Senhor Antonio Dias delayed his return, and rather a scene in his domestic circle took place in consequence. As might be expected, the ladies did not agree very well together. The elder one in particular was very jealous of the Indian girls, and took every opportunity of ill-treating them, and now that the master was absent went, I suppose, to greater lengths than usual; and the consequence was, one of the girls ran away. This was an unexpected dénouement, and they were in a great state of alarm, for the girl was a particular favourite of Senhor Antonio's, and if he returned before she came back he was not likely to be very delicate in showing his displeasure. The girl had gone off in a canoe with a child about a year old; the night had been stormy and wet, but that sort of thing will not stop an Indian. Messengers were sent after her, but she was not to be found; and then the old lady and her daughter went off themselves in a tremendous rain, but with no better success. One resource more, however, remained, and they resolved to apply to the Saints. Senhor Domingos was sent to bring the image of St. Antonio from the church. This saint is supposed to have especial power over things lost, but the manner of securing his influence is rather singular:—the poor saint is tied round tightly with a cord and laid on his back on the floor, and it is believed that in order to obtain deliverance from such durance vile he will cause the lost sheep to return. Thus was the unfortunate St. Antony of Tómo now treated, and laid ignominiously on the earthen floor all night, but without effect; he was obstinate, and nothing was heard of the wanderer. More inquiries were made, but with no result, till two days afterwards Senhor Antonio himself returned accompanied by the girl. She had hid herself in a sitio a short distance from the village, waited for Senhor Antonio's passing, and then joined him, and told her own story first; and so the remainder of the harem got some hard words, and I am inclined to think some hard blows too.

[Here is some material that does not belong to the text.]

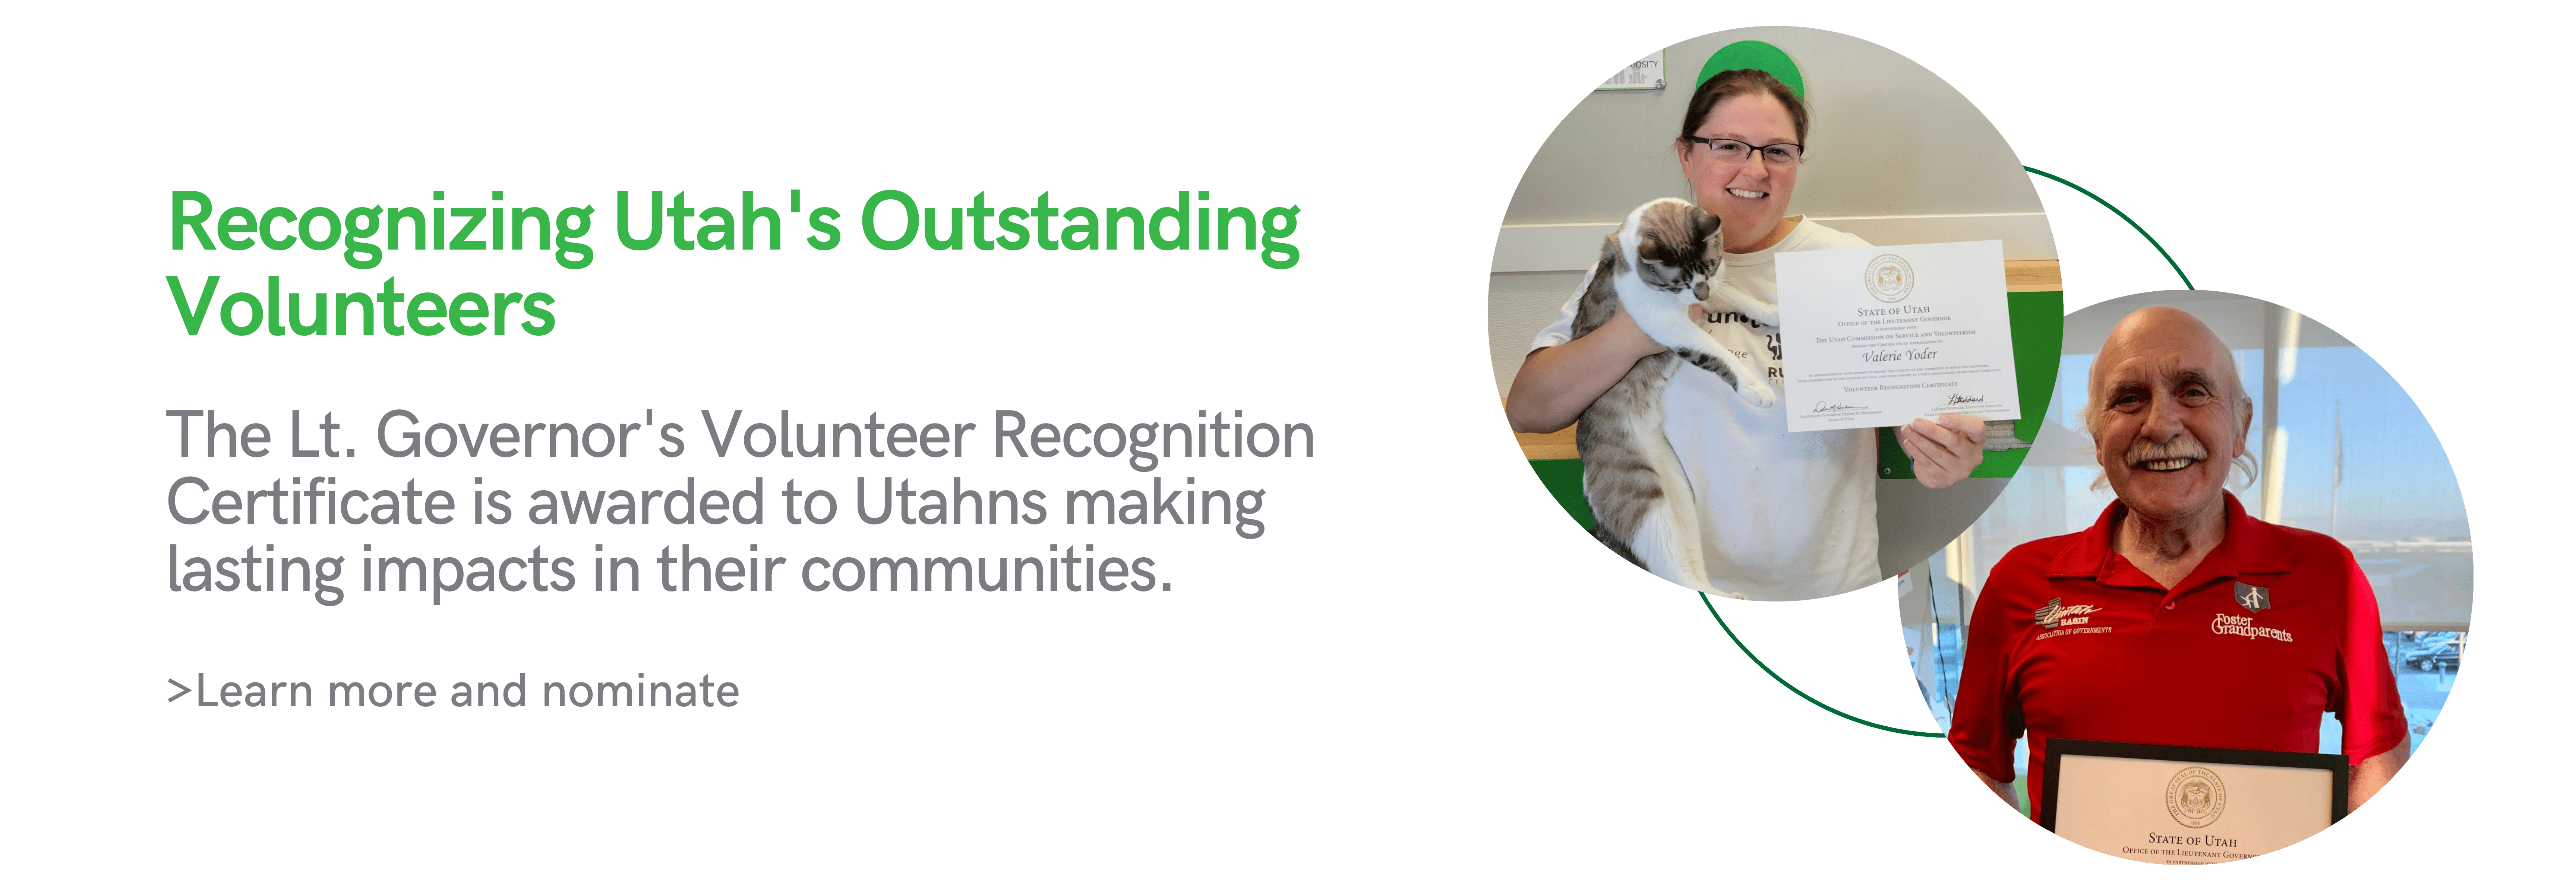 Recognizing Utah's Outstanding Volunteers. The Lt. Governor's Volunteer Recognition Certificate is awarded to Utahns making lasting impacts in their communities. >Learn more and nominate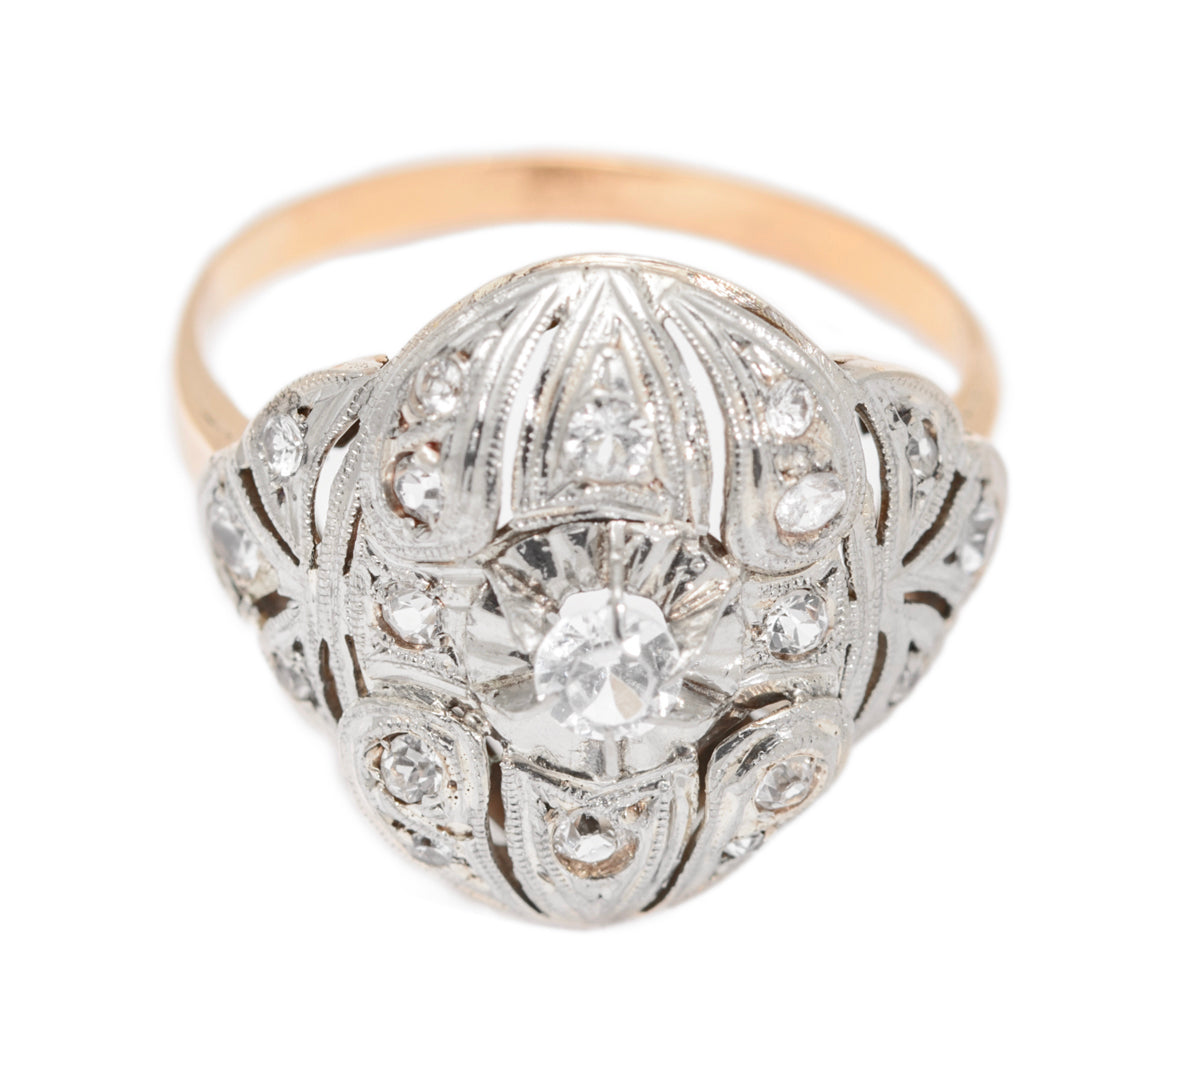 Art Deco 18ct Gold & Platinum French Cocktail Ring c.1920 Rock Crystal Gems (A1602)

Before leaving Tómo, I purchased a pair of the beautiful feather-work borders, before alluded to, for which I paid £3 in silver dollars. Five Indians were procured to go with me, and at the same time take another small canoe, in which to bring back several articles that Senhor Antonio was much in want of. We paid the men between us, before going, with calicoes and cotton cloth, worth in England about twopence a yard, but here valued at 2s. 6d., and soap, beads, knives, and axes, in the same proportion. On the way, I got these Tómo Indians to give me a vocabulary of their language, which differs from that of the villages above and below them. We paddled by day, and floated down by night; and as the current was now tremendous, we got on so quickly, that in three days we reached Marabitanas, a distance which had taken us nine in going up.

Here I stayed a week with the Commandante, who had invited me when at Guia. I, however, did little in the collecting way: there were no paths in the forest, and no insects, and very few birds worth shooting. I obtained some very curious half-spiny rodent animals, and a pretty white-marked bird, allied to the starlings, which appears here only once a year in flocks, and is called "Ciucí uera" (the star-bird).

The inhabitants of Marabitanas are celebrated for their festas: their lives are spent, half at their festas, and the other half in preparing for them. They consume immense quantities of raw spirit, distilled from cane-juice and from the mandiocca: at a festa which took place while I was here, there was about a hogshead of strong spirit consumed, all drunk raw. In every house, where the dancing takes place, there are three or four persons constantly going round with a bottle and glass, and no one is expected ever to refuse; they keep on the whole night, and the moment you have tasted one glass, another succeeds, and you must at least take a sip of it. The Indians empty the glass every time; and this continues for two or three days. When all is finished, the inhabitants return to their sitios, and commence the preparation of a fresh lot of spirit for the next occasion.